BACKGROUND: Patients with chronic idiopathic axonal polyneuropathy (CIAP) can have neuropathic pain that significantly impacts quality of life. Oral neuropathic pain medication often has insufficient pain relief and side effects. Topical phenytoin cream could circumvent these limitations. The primary objectives of this trial are to evaluate (1) efficacy in pain reduction and (2) safety of phenytoin cream in patients with painful CIAP. The main secondary objective is to explore the usefulness of a double-blind placebo-controlled response test (DOBRET) to identify responders to sustained pain relief with phenytoin cream.
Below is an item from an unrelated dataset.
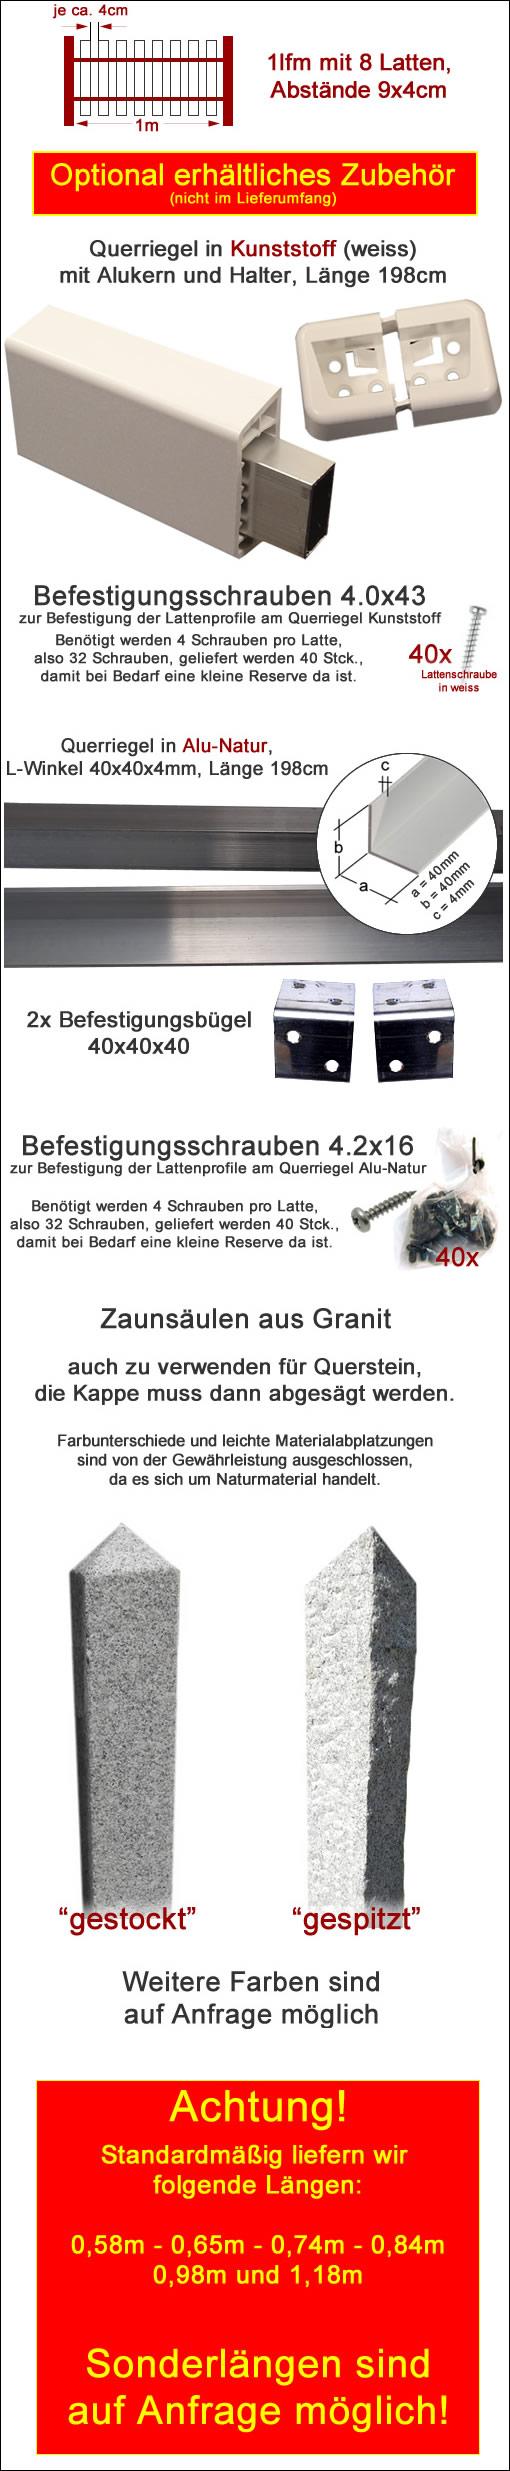 lfm Kunststoffzaun Gartenzaun Zaun Zäune Zierzaun Kunststoff
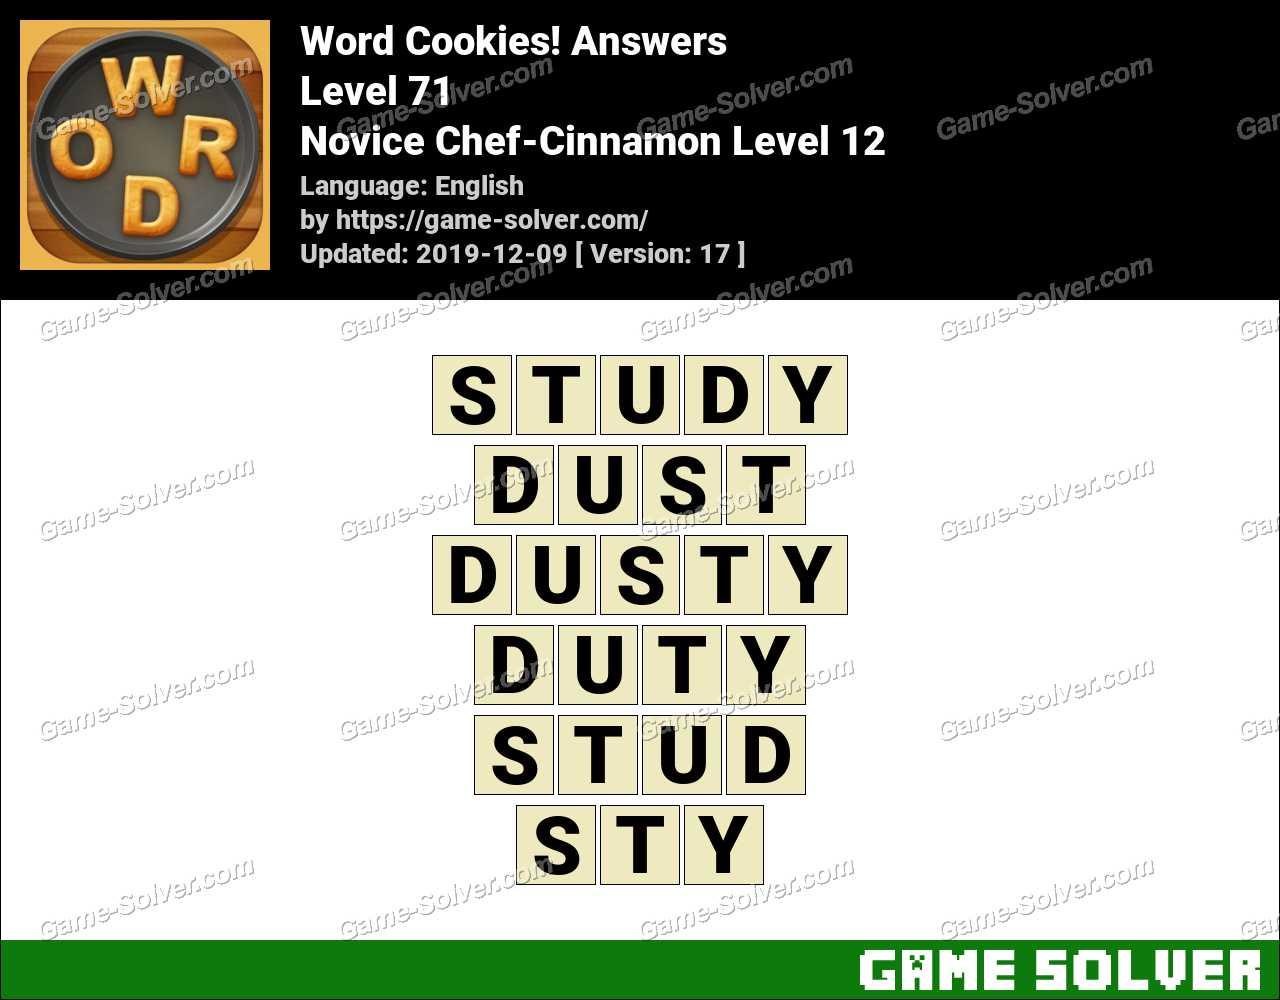 Word Cookies Novice Chef-Cinnamon Level 12 Answers

METHODS: This 6-week, enriched enrollment randomized double-blind, placebo-controlled triple cross-over trial compares phenytoin 20%, 10% and placebo cream in 48 participants with painful CIAP. Enriched enrollment is based on a positive DOBRET in 48 participants who experience within 30 minutes ≥2 points pain reduction on the 11-point numerical rating scale (NRS) in the phenytoin 10% cream applied area and ≥1 point difference in pain reduction on the NRS between phenytoin 10% and placebo cream applied area, in favour of the former. To explore whether DOBRET has predictive value for sustained pain relief, 24 DOBRET-negative participants will be included. An open-label extension phase is offered with phenytoin 20% cream for up to one year, to study long-term safety. The main inclusion criteria are a diagnosis of CIAP and symmetrical neuropathic pain with a mean weekly pain score of ≥4 and <10 on the NRS. The primary outcome is the mean difference between phenytoin 20% versus placebo cream in 7-day average pain intensity, as measured by the NRS, over week 2 in DOBRET positive participants. Key secondary outcomes include the mean difference in pain intensity between phenytoin 10% and phenytoin 20% cream, and between phenytoin 10% and placebo cream. Furthermore, differences between the 3 interventions will be evaluated on the Neuropathic Pain Symptom Inventory, EuroQol EQ5-5D-5L, and evaluation of adverse events. DISCUSSION: This study will provide evidence on the efficacy and safety of phenytoin cream in patients with painful CIAP and will give insight into the usefulness of DOBRET as a way of personalized medicine to identify responders to sustained pain relief with phenytoin cream. TRIAL REGISTRATION: ClinicalTrials.gov NCT04647877 . Registered on 1 December 2020.